Sonuçta mesele, sadece Amerika’yı ilgilendirmiyor. Belki de bu, tüm dünyayı ilgilendiren bir meseledir. Bir taraftan küreselleşme, uyum ve entegrasyon hareketleriyle, diğer taraftan karakter, ayrımcılık ve kimliğe kapanma hareketleri arasında meydana gelen zıtlıklar, dünya tarihinin bu döneminde cereyan eden özelliklerinden birisidir.

Bu durumda ABD ile işbirliği yaparken çok boyutlu düşünmek lazım.

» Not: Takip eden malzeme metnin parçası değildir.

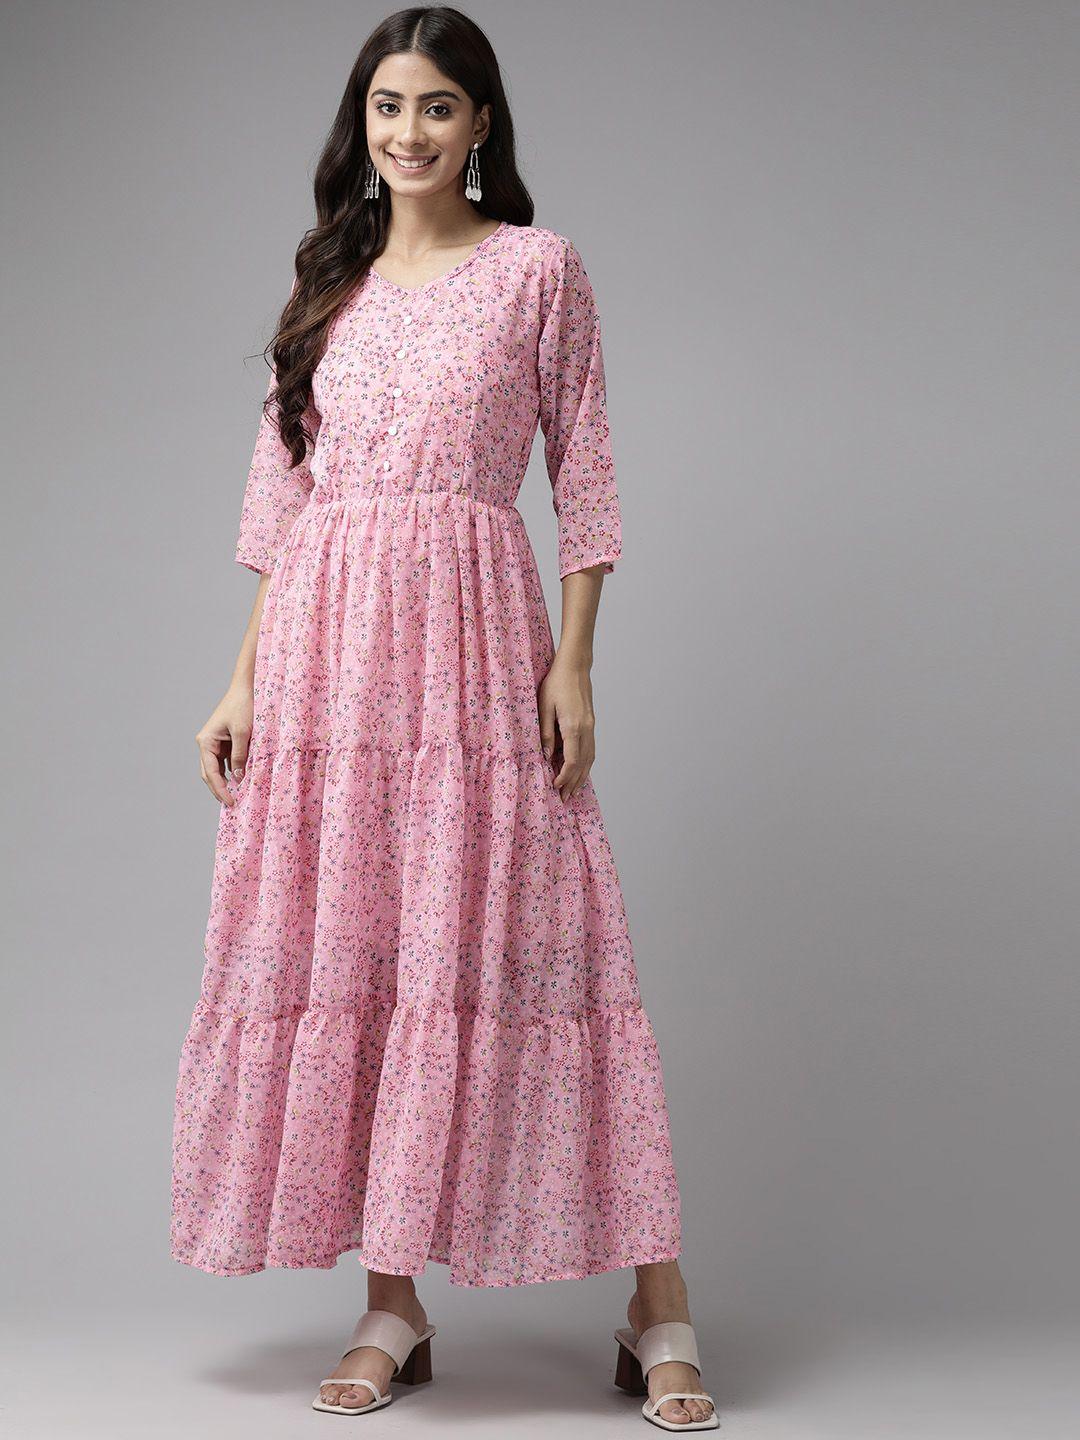 aarika-pink-floral-print-georgette-fit-&-flare-maxi-dress

Bunu sadece Beyaz Saray, kurumlar ya da kongreyle yaparken değil, aynı zamanda farklı devletler ve içerisinde yer alan gruplarla yaparken de düşünmek gerekiyor. Mevzubahis ABD ise, -ki bu şekilde bir süre daha devam edecek- ABD ile etkileşimin çok yönlü olması gerekiyor. Bunun için, yeni diplomatik ve siyasi becerilere ihtiyaç duyuluyor. Belki de bundan daha önemlisi, çıkarlarımızı tam ve kesin olarak bilmemiz gerekiyor. Aynı şekilde, buna eş zamanlı olarak ilgili Arap ülkelerinin söyledikleri şeyleri onaylamalıyız. Bölgemizde ve dünyada parçalama ve bölünme sesleriyle fokurdayan gelecek süreç, belki de en zorlu süreçlerden birisi olacak. Bunun için ne ABD ne de dünya, olduğu gibi kalmaya devam edebilecek.